Volume IV.] DECEMBER, 1903 [Number 4


THE ORIGIN AND AUTHORSHIP OF THE BANCROFT PACIFIC STATES PUBLICATIONS: A HISTORY OF A HISTORY.—I.

By William Alfred Morris.

The true student of history, when confronted for the first time with a statement of what purports to be an historical fact, weighs at the outset, as all-important, the evidence of its accuracy. If there be at hand no means of verifying the statement, the only ground of assurance is a knowledge of who is speaking, how likely he is to know the truth, and how well fitted he is to tell it; for to be a writer of accurate history one must not only know facts, but must also be truthful, and so far above bias upon his subject as to be able to treat it fairly, openly, and without false coloring of any part. It is therefore the first canon of historical criticism to accept as authority no statement unless it be known who is making that statement.

The greater our interest in a given subject, the more important to us becomes the question of the authority for all statements concerning that subject. As the field of history is narrowed down to a single state or to a single locality, where every man may to a certain extent be an historian, an anonymous written account, though excellent in itself, will still be viewed with suspicion. The fact that there is a good local knowledge of the subject by no means removes the necessity of determining authorship.
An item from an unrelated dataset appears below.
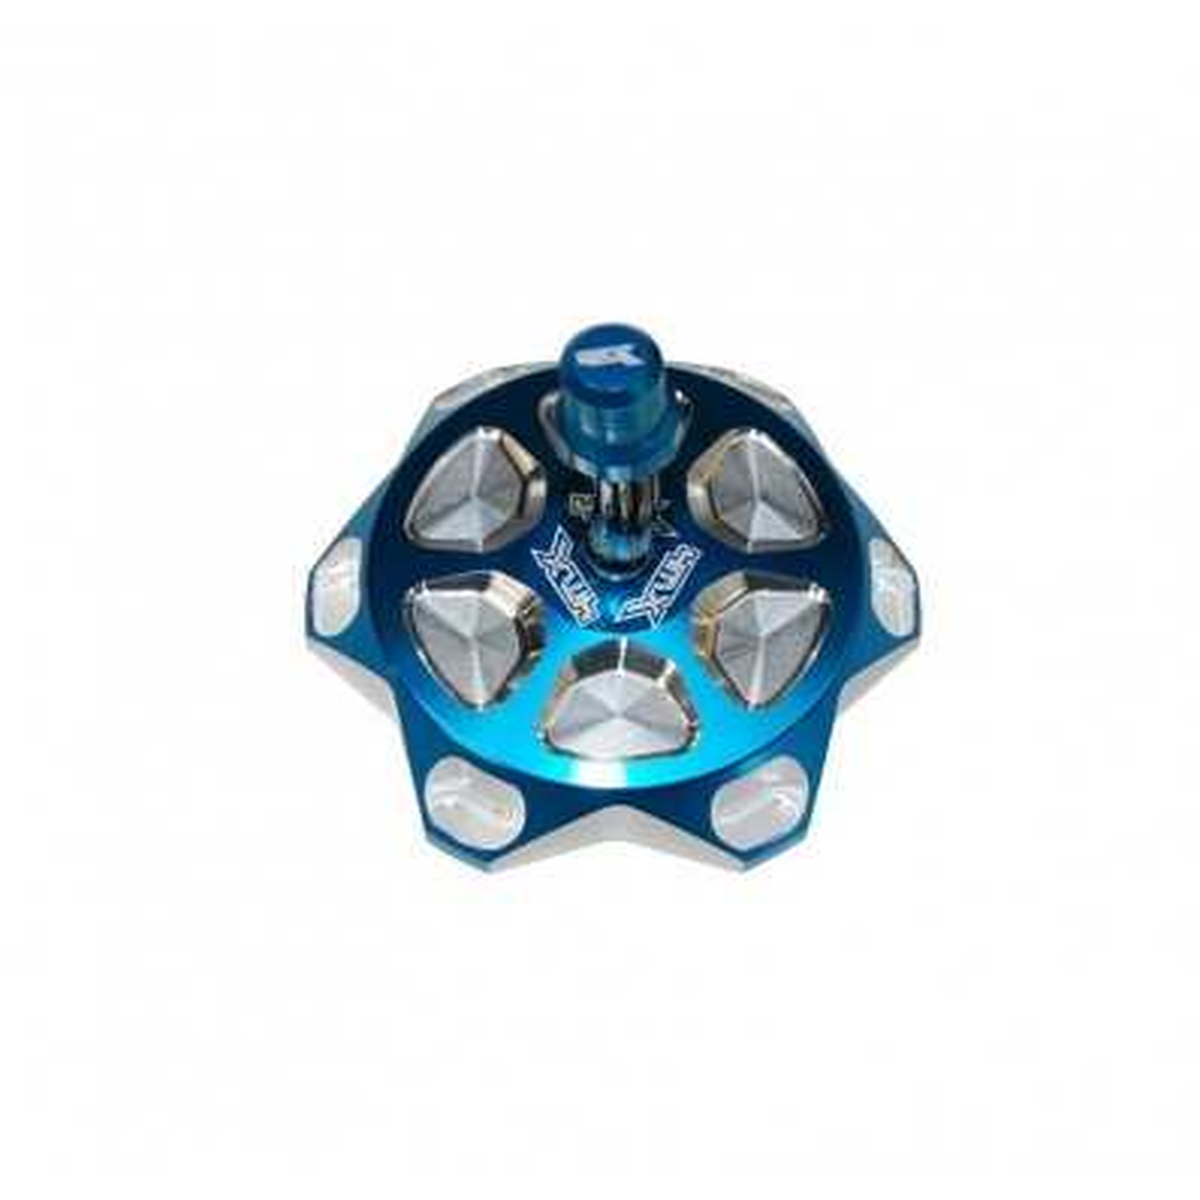 01TAPGC106-AZ - Tapon Deposito Yz-Yzf Kx-Kxf... Azul

Fortunate it is for the Pacific States and Territories of the United States that data concerning their history from its beginning were collected during the lifetime of men who laid the foundations of these commonwealths. It is then a matter of the highest importance to the people of this vast empire to know who wove this material together, and wrote the only attempt at a full and connected history of the Pacific Coast which has ever been published.

The completion of the Bancroft series of Pacific Slope histories, to which reference is here made, marks an event unique in the annals of history writing. At no other time and in no other land has there been carried to completion a work of like character and magnitude. There had previously been written a few histories of Oregon and California covering a certain period, and designed chiefly to give a treatment of a certain institution or political subject, but so far as the thorough working up of the whole ground was concerned, a virgin field presented itself.

Moreover, the undertaking was an unusually inspiring one. It was none other than that of tracing from the days when Europeans first trod the Pacific shores of America the sequence of events by which these lands were acquired and occupied by their present holders, political governments organized, and the development of resources entered upon; in short, it was the following up of the successive steps by which the institutions and industries of a nineteenth century civilization were established in a western wilderness. When we remember that the greater part of this record could at the time of writing be made from information furnished directly by the men who made this history, and that the lack of material which so often embarrasses the writer could not here be a cause of complaint, we may well conclude that such an opportunity had never before fallen to the lot of the historian.